In my squirrely soap blog I do a little short story writing and poetry, it is all about soaps and crafts and I sell some at the farmers market but I decided to expand my writing and tie all the blogs together. I start all the stories or poetry with “IMAGINE” you are welcome to go to the squirrely soap blog first story to find out why I start with imagine but right now I wanted to share with more people the stories and see how it goes. So this is how it goes …

Should your food take a bath?

Ha-ha I bet that caught your attention right, giving your food a bath? What? Yes there is a reason to give your food a bath. I wrote all about this in my “Food Of Wisdom” blog and please feel free to read it. I hope it is informative. I was thinking about the article I wrote and I started to laugh at myself as I do quite regularly. I think people around me thing I am a mad person, off my rocker! But picture this if you will, a small claw foot tub with bubbles and a whole bunch of fruit and vegetable taking a bath, how cute? Or strange? But a mental image just makes me chuckle. Is there a story in this? Hum Dee Dum, I ponder and …

Imagine:

Mr. Beet waddles down the dirt path of a mammoth sized field wearing his beautiful green hat. As he reaches the end of the field he spies as far as he can spy and all that he can spy is another field.  Pears to the right and it is a mammoth sized field of vegetable, pears to the left and another mammoth vegetable field. Off yonder it looks like endless low top trees. Just then that flying noise maker passes over, he has another leak.
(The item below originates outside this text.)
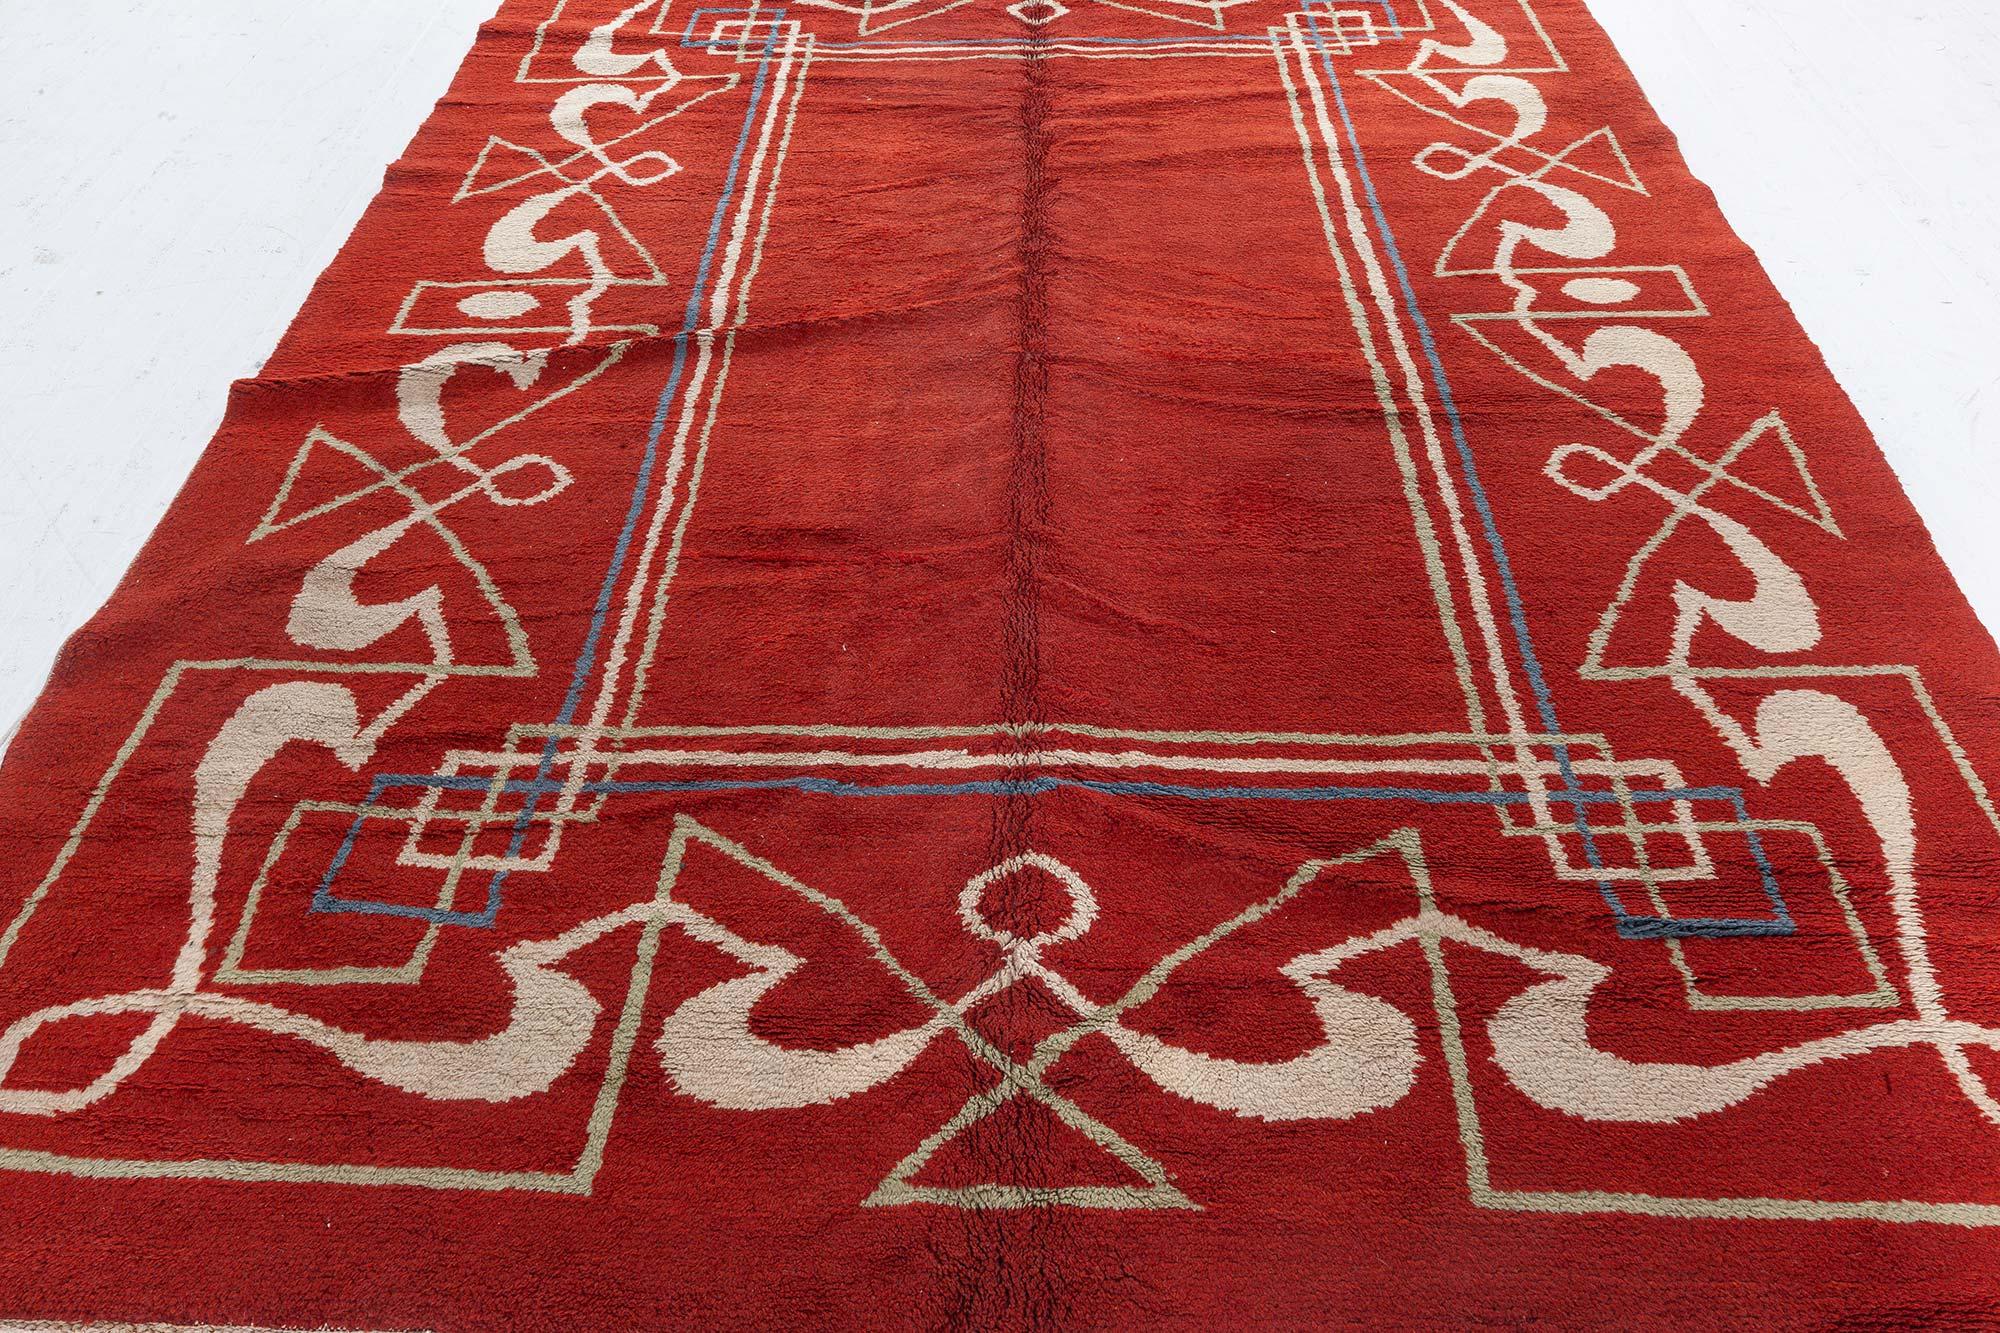 One-of-a-kind Art Deco Red, Brown Handmade Wool Rug
Size: 8'0

He really needs to look at that Mr. Beet thinks to himself, every time he flies over he’s spraying this nasty tasting liquid all over us. He passes back and forth all over the fields and trees and then is gone again.  Mr. Beet turns his focus back to his surroundings and decides to push forward, I wonder what is out there? He thinks to himself. So he waddles along the dirt path and stops when he sees Mrs. Potato.
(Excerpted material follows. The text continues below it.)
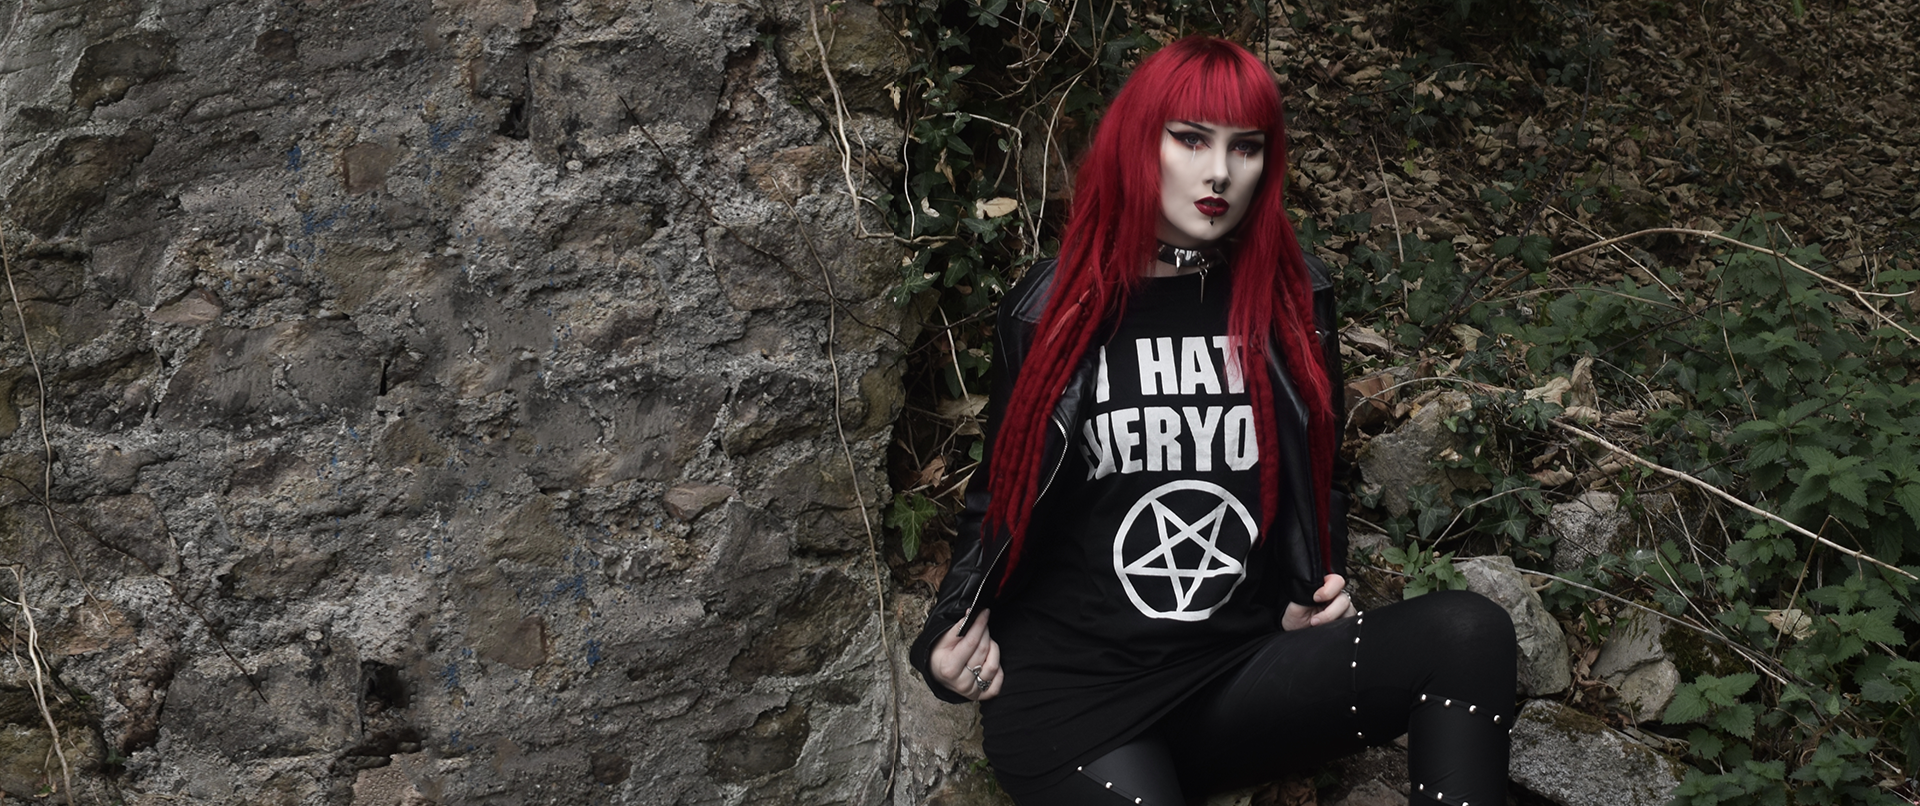 Girl sitting down posing as she shows off Belial Clothing Co's "I hate everyone" Tee shirt

“Excuse me” Mr. Beet shyly speaks “Who may you be miss and would you happen to know where I might be?”

Mrs. Potato whips around to face Mr. Beet. She eyes him up and down, she is tall and strong, she is so bold and intimidating that Mr. Beet takes a small step back.
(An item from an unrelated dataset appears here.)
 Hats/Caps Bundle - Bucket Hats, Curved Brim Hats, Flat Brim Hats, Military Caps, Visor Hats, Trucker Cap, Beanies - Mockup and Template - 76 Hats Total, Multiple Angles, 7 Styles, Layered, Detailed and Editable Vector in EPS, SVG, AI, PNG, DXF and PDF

In a strong powerful voice she bellows “Where the heck did you come from? Haven’t seen the like of you in this field and I have traveled this field for many weeks. What the heck are you? You aint one of those weeds are ya? Whatever you’re selling we don’t want it!”

“Well miss, um farmer Jones calls me Mr. Beet so I reckon you can call me Mr. Beet also.” As he stumbles nervously over his words he continues. “I-I-I am not selling anything and well um, uh, well…”

“Spit it out kid, aint got all day ya know.”

“Oh aww, y-yes of course, well I must be a bit of an explorer, ya that’s it, I am an explorer and I am exploring this here fields and those trees over yonder.”

“An explorer hey, don’t know much about that but this here field needs piling so you best be on your way. Nice meetin ya.”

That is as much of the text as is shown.